## ACTIVITY:
Determine how many lines in this listing contain the word "Inner" and report that number by itself.

## SOURCE MATERIAL:
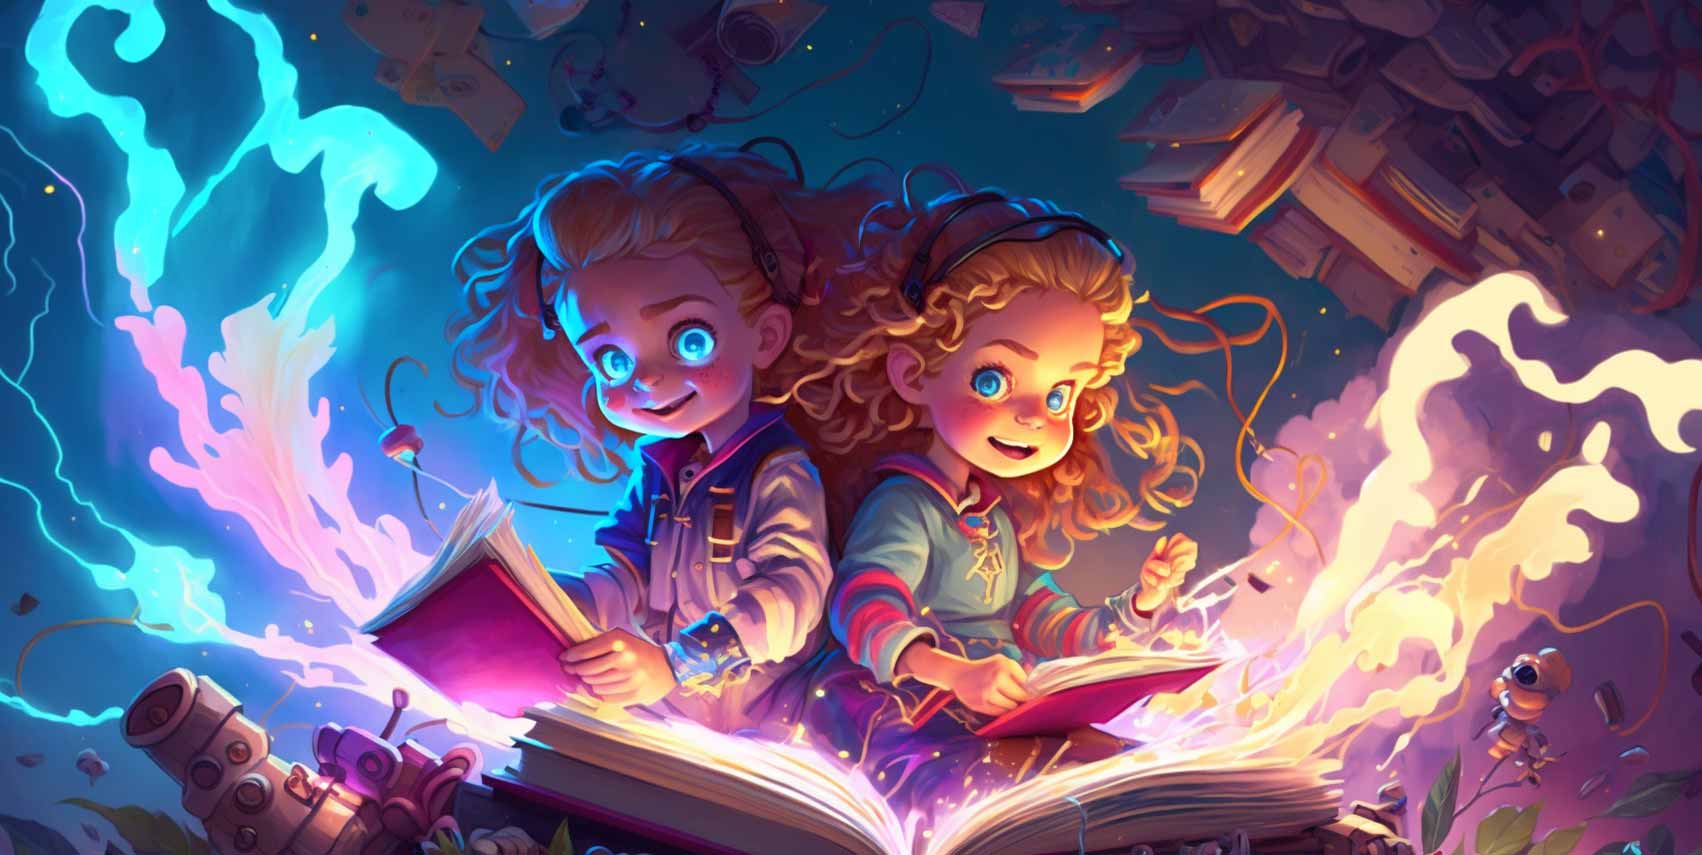 15 Art Books for Kids and Teens to Teach and Inspire!
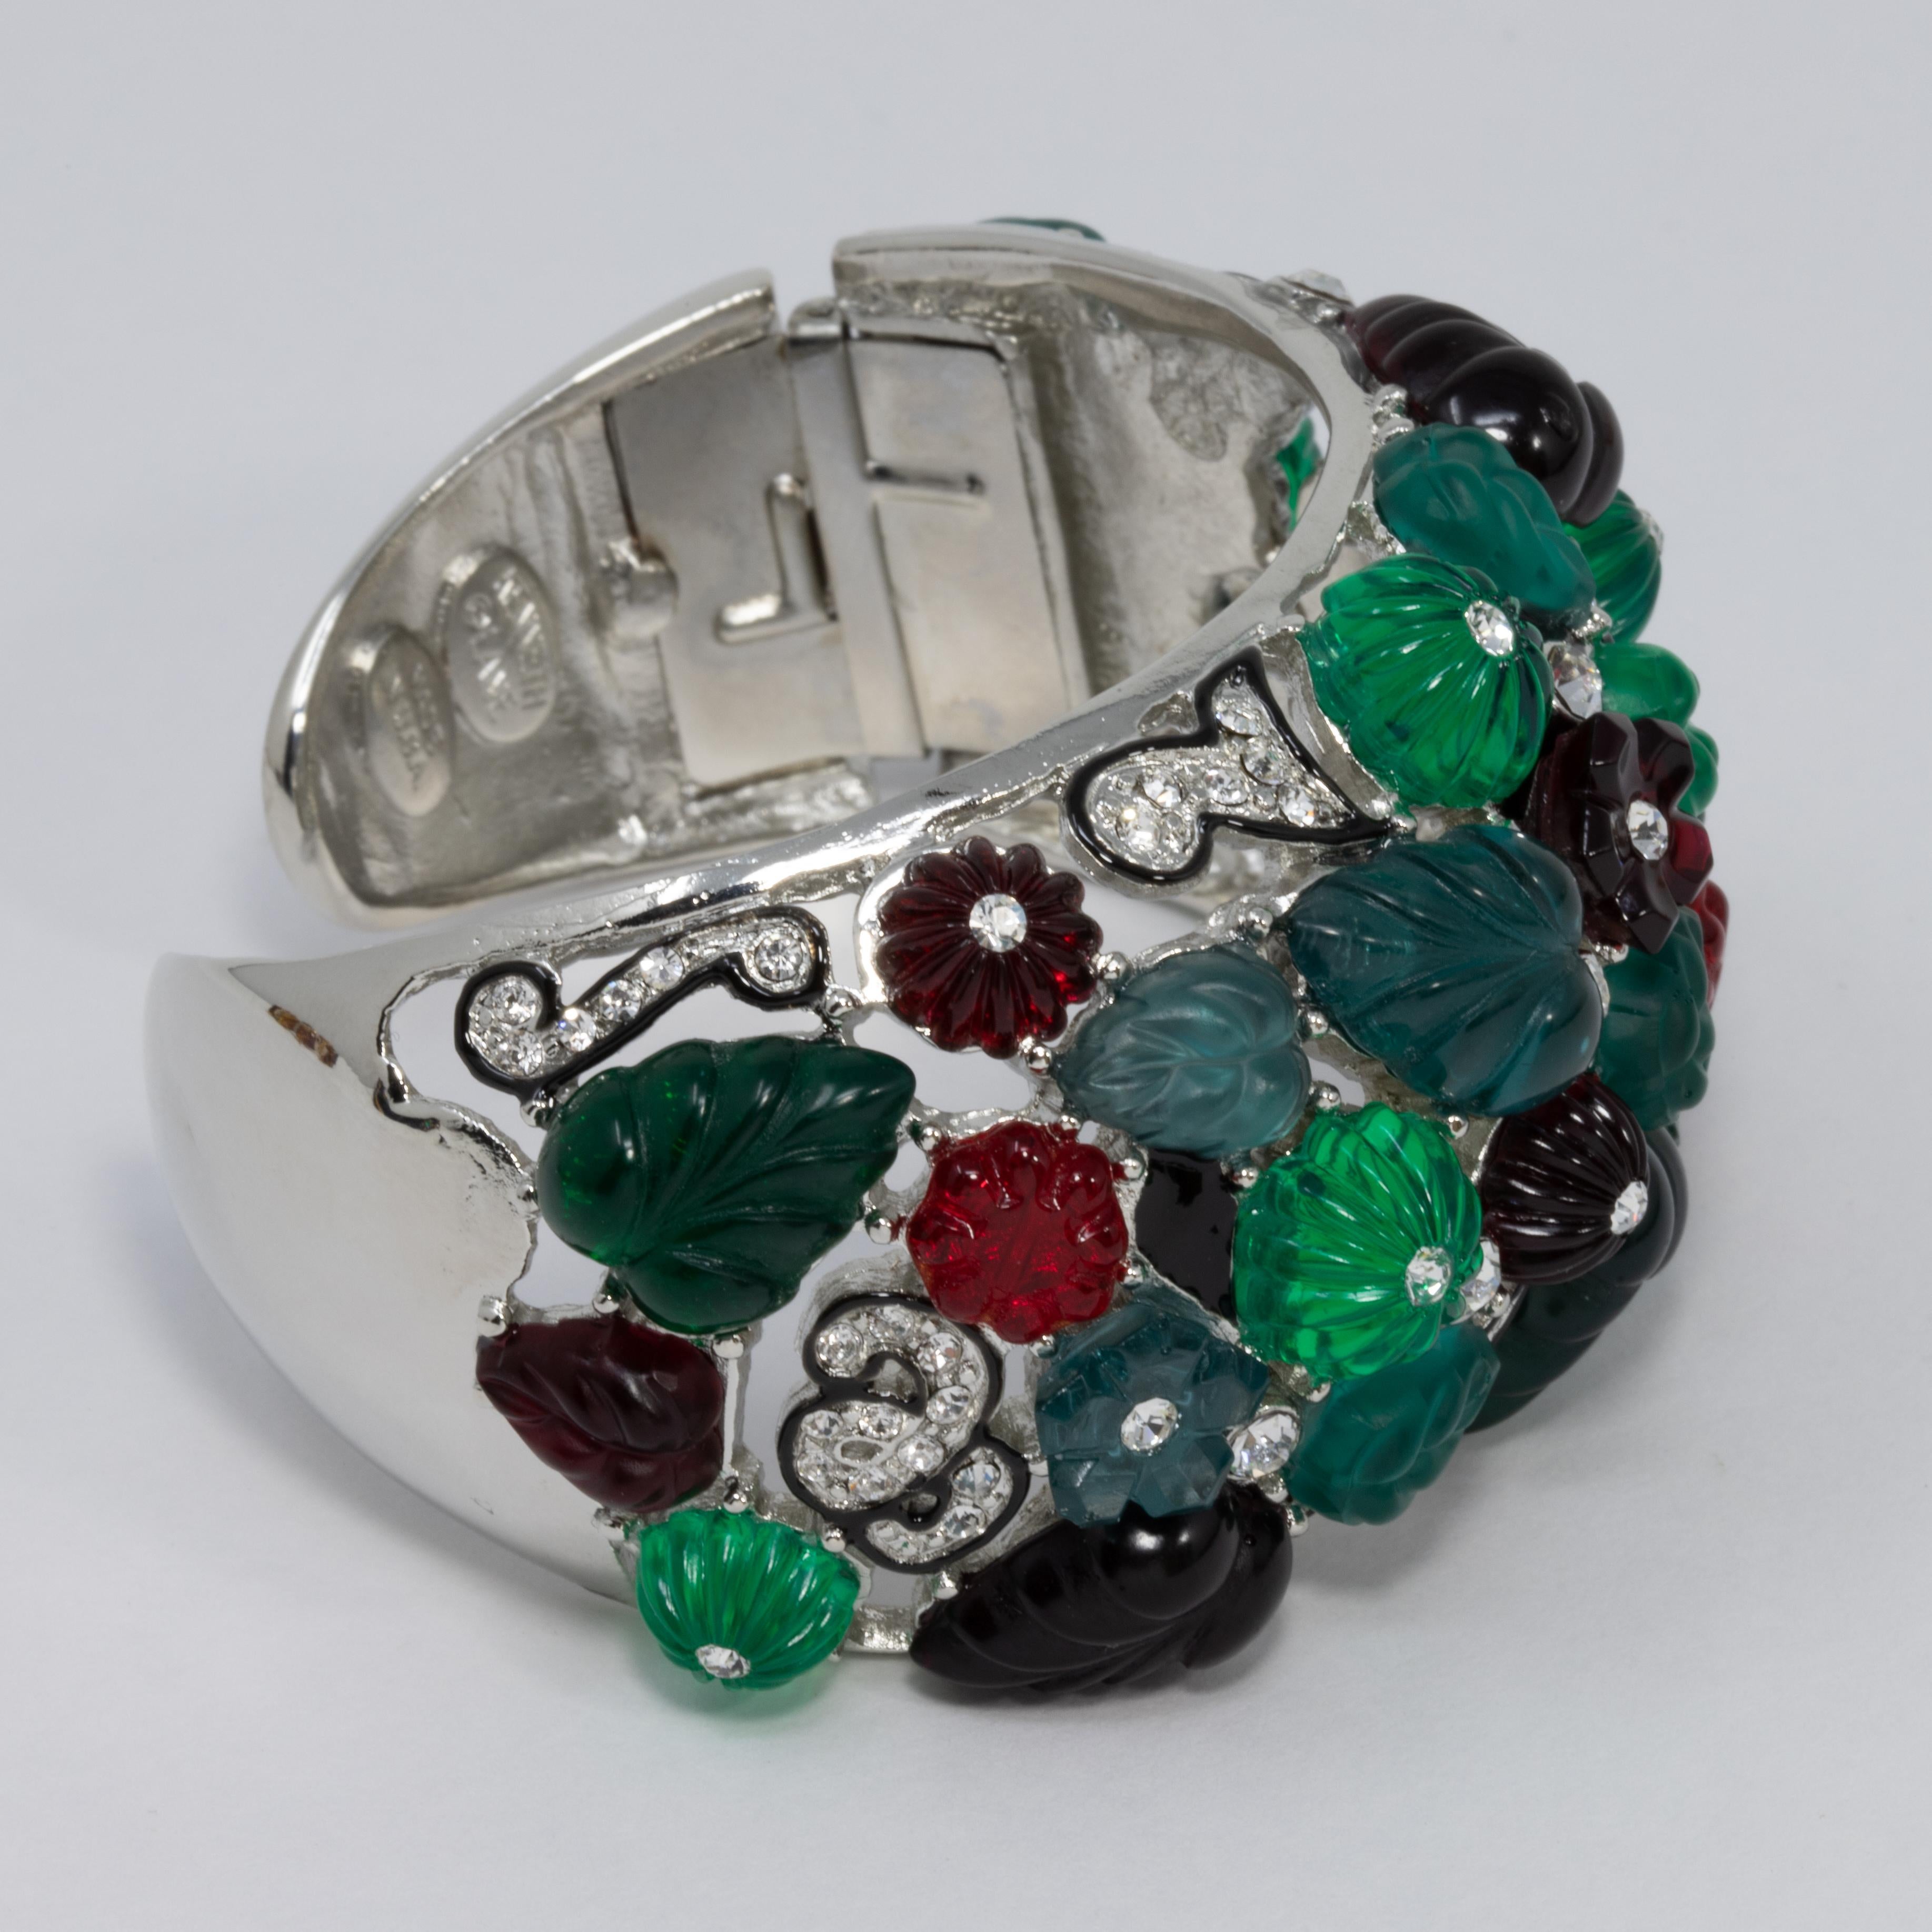 Bracelet by Kenneth Jay Lane. Tutti frutti resin motifs in green, red, and blue accented with clear crystals. Set on rhodium plating.

Hallmarks: Kenneth Lane, Made in USA

Inner diameter at widest part 5.8cm
Inner circumference 16cm
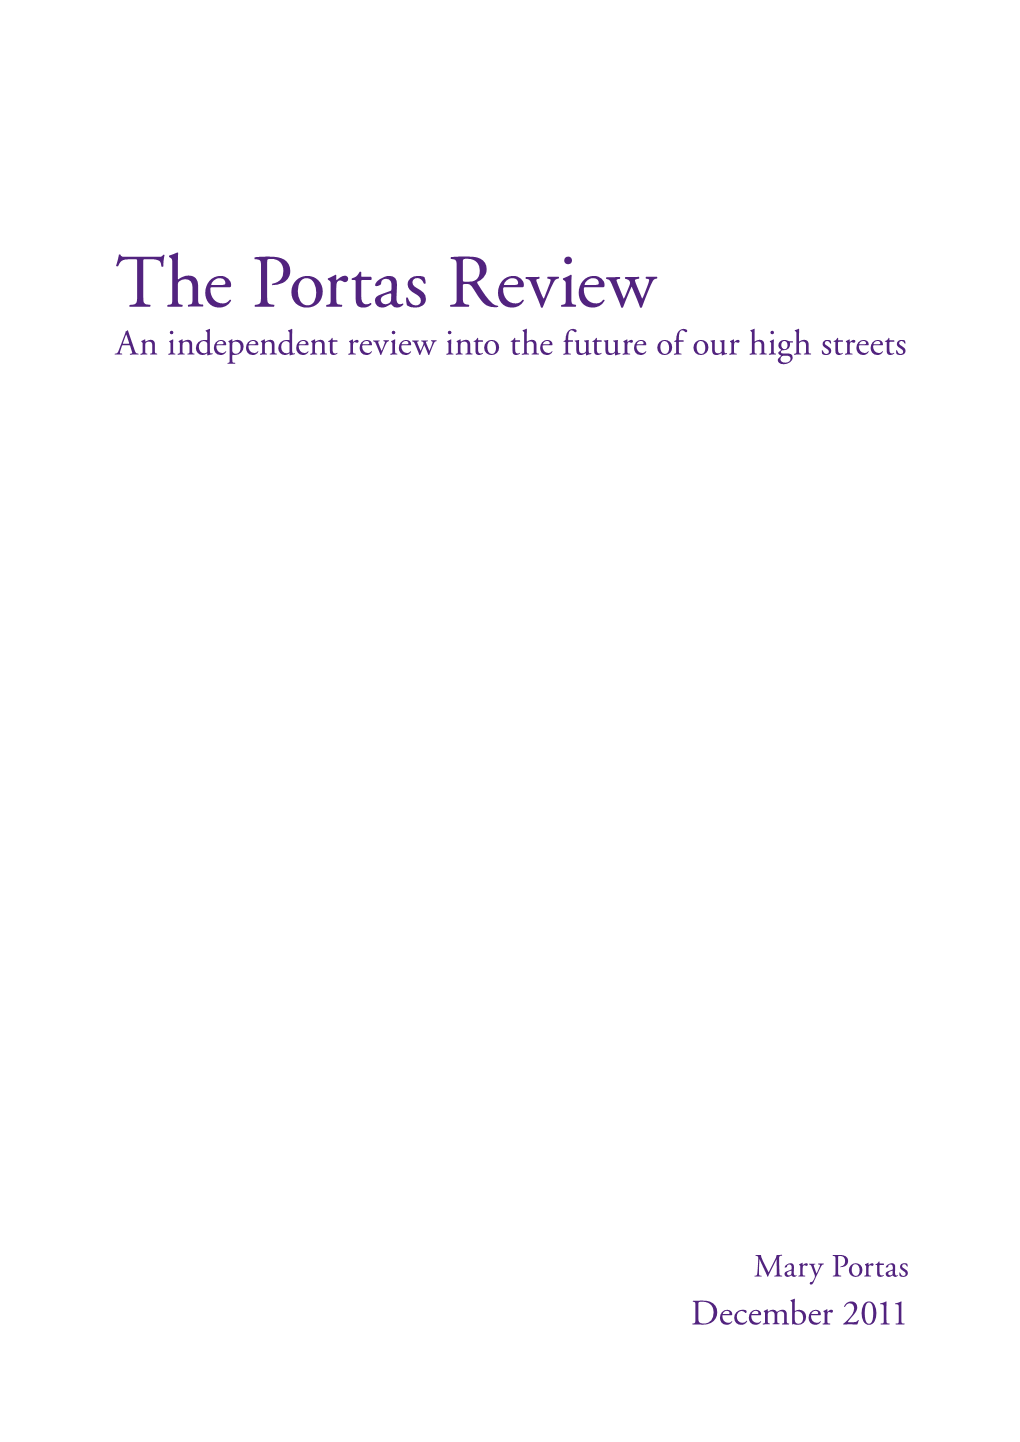 The Portas Review: an Independent Review Into the Future of Our High Streets

## WRITTEN SOLUTION:
2